Regional learning looks for a white knight in an increasingly competitive educational marketplace.
THE coastal city of Wollongong is an 80-minute drive south of the centre of Sydney. Many of the 300,000 residents who live in the traditionally industrial port city commute to Sydney daily for work.
"The rest of Australia doesn't understand what the regions mean in Western Austalia because Wollongong is classified as a regional university. Deakin in Geelong is classified as regional. I reckon they aren't regional universities they are metropolitan universities," UWA vice-chancellor Alan Robson told the WA Business News forum.
Regional classification is important to universities because it translates into increased funding from the federal government. Regional universities are seen as a public good, with local communities benefiting from the influx of students, and the courses are arguably more practical than what can be offered in the city.
On the flip side, they are expensive to run - roughly 30 per cent more than city campuses - and attracting teachers and students can be burdensome.
"People have this romantic notion of putting a university in a country town and that will then develop the region," Professor Robson said.
"We'd be a lot better off if we supported young people; if any young person who had to relocate [to the city] was supported with a living allowance for that relocation they'd have a better university experience."
The debate around regional universities and campuses is of particular importance to WA, especially at a time when the ongoing feasibility of running Curtin University's Muresk agriculture college and its Kalgoorlie-based School of Mines is open to debate.
Speaking generally about the plight of regional courses, outgoing Curtin chancellor Gordon Martin said it wasn't always feasible.
"Remote locations, where you have the smaller numbers and you are struggling to provide the quality teaching services, just doesn't work," he said.
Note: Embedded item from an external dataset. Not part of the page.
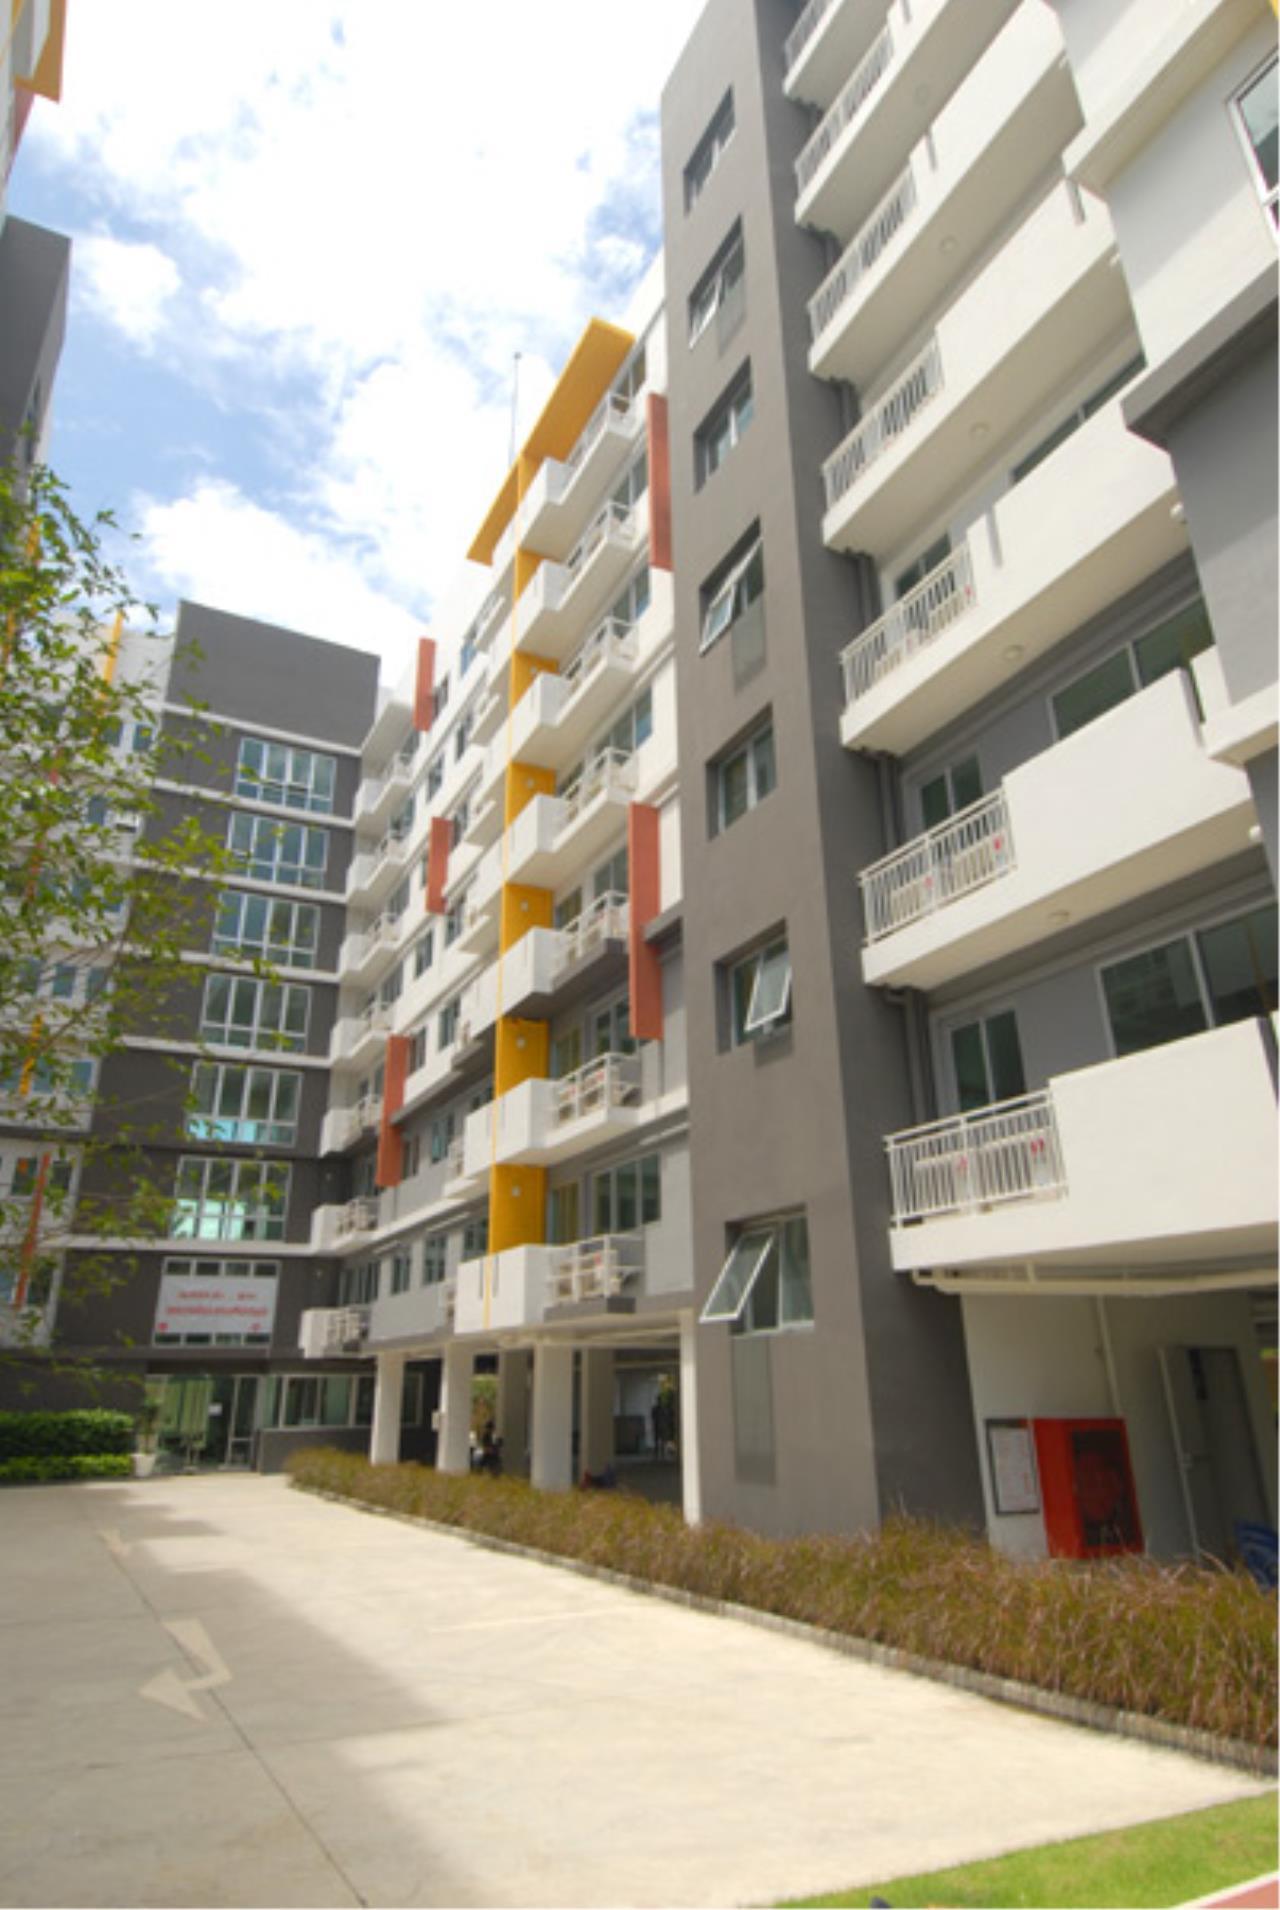 Quality Life Property Agency's S A L E! My Condo Sukhumvit 52 | 1 BED 1 BATH | 35.4 SQ. M. 7
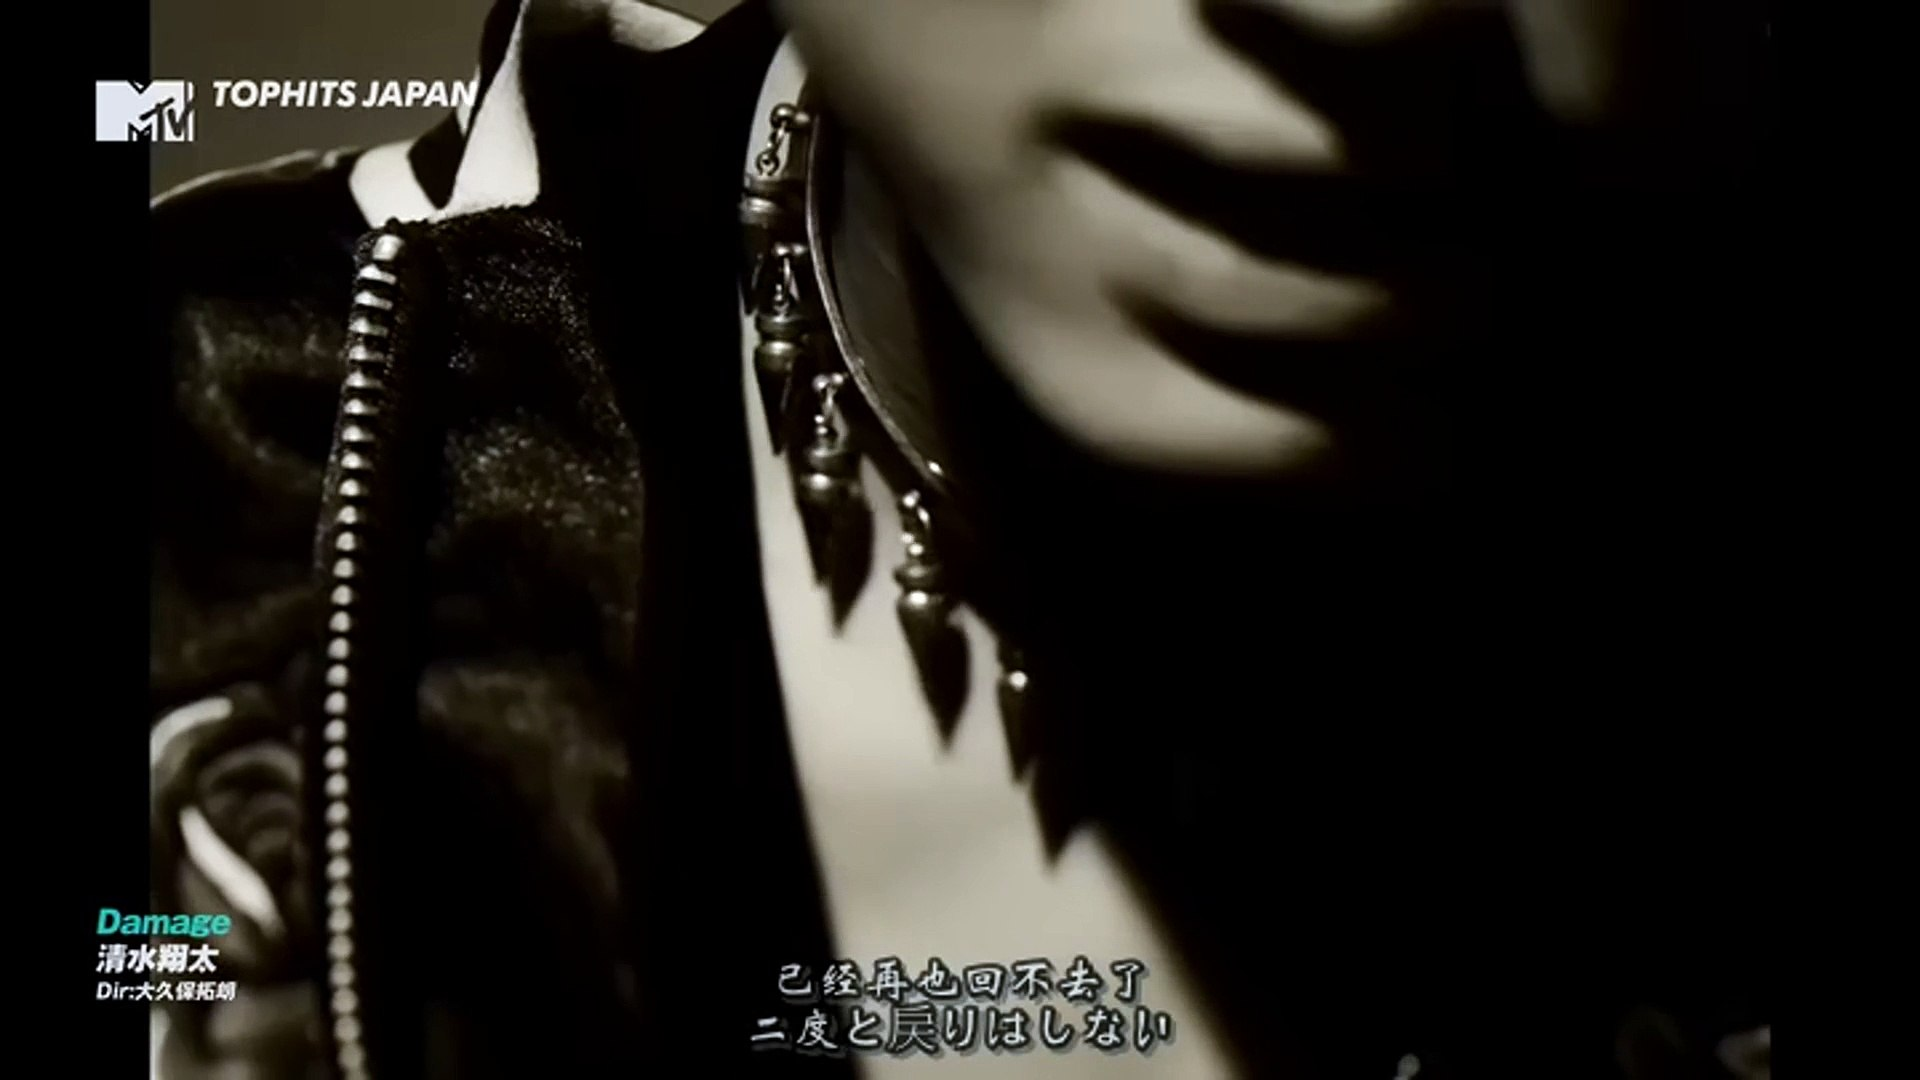 清水翔太 Damage 中日字幕by Lucia 影片dailymotion

Chamber of Minerals and Energy Western Australia chief executive Reg Howard-Smith said it was ludicrous that regional arms of Perth universities did not get the government benefits accorded to the likes of Wollongong and Deakin.
"The regional learning model is one I think we really have to pay some attention to," Mr Howard-Smith told the forum.
"It worries me about the School of Mines, for example, whether that is going to be sustainable into the future. There's a lot of emotion around the School of Mines - we have to get some real fact into it."
He feels the current system is unsatisfactory.
"Post-graduate distance learning, quite frankly, I don't know what the solution is," Mr Howard-Smith said.
The emotion linked to regional learning is partly tied to history, with the School of Mines operating since 1902, while the Muresk agriculture training school is more than 80 years old.
There are also passionate arguments for training people in the regions so that they stay there to work, rather than risk losing them to the city.
The internet, or online learning, was supposed to fix the difficulties associated with regional learning, although educators around the world are still struggling with how to best incorporate the technology.
Independent consultant Andrew Pickford said the technology needed to be tweaked.
"Technology has been seen as the answer and that has often neglected the softer side of the interaction and the learning process," said Mr Pickford, formerly of think-tank Future Directions International.
"Effort needs to be there to bring that up to speed."
One view to gain support at the WA Business News roundtable was that the technology needed to be used alongside face-to-face teaching time, where students spend periods of time - perhaps an intensive couple of weeks - in a classroom.
Conversely, students could do the bulk of their studies in the city, with practical intensives to be conducted in regional centres.
Professor Robson said the distance-learning system needed to be flexible to accommodate student needs.
"People thought that you'd be able to do everything online but most undergraduates certainly don't find online very satisfying and I think a lot of post graduates find it not terribly satisfying either, and how we get that greater flexibility into the system is important," he said.
It seems there is also a need for flexibility right across the sector in order to meet the future demands of the state.
Australia is a country of skilled workers (see table, page 12) and the most recent report by the Organisation for Economic Co-operation and Development suggests this trend towards needing skilled workers - at the expense of unskilled and semi-skilled workers - will continue.
Professor Robson wants to encourage a more diverse system.
"If we are going to have 40 per cent of our aged cohort holding a degree, I don't believe you are going to be able to do that within the existing education system," he said.
"We need to develop some other types of institutions. We've created a system pushing all our institutions into the same space."
It's a view shared by the head of the Chamber of Minerals and Energy.
"I would not like to see colleges or universities being the same. I think there needs to be a significant amount of diversity; it's like a marbled cake," Mr Howard-Smith said.
"Some universities will focus on applied science and others will have a greater bias to research and development, and I think that's a very good thing."
Developing curriculum to teach students to engage with China is an obvious step in preparing for the future of the state, with Murdoch University's recent launch of a bachelor of commerce with a major in Chinese business a likely sign of things to come.
Coogee Chemical's Gordon Martin said there were many positive developments taking place at the state's educators and that a continued focus on educating students to work in the international marketplace was needed.
"I am a great optimist about the sector mainly because it's been freed up," the outgoing Curtin chancellor said. "We are building links with China and with Taiwan. There are collaborative links now we wouldn't have even contemplated five years ago."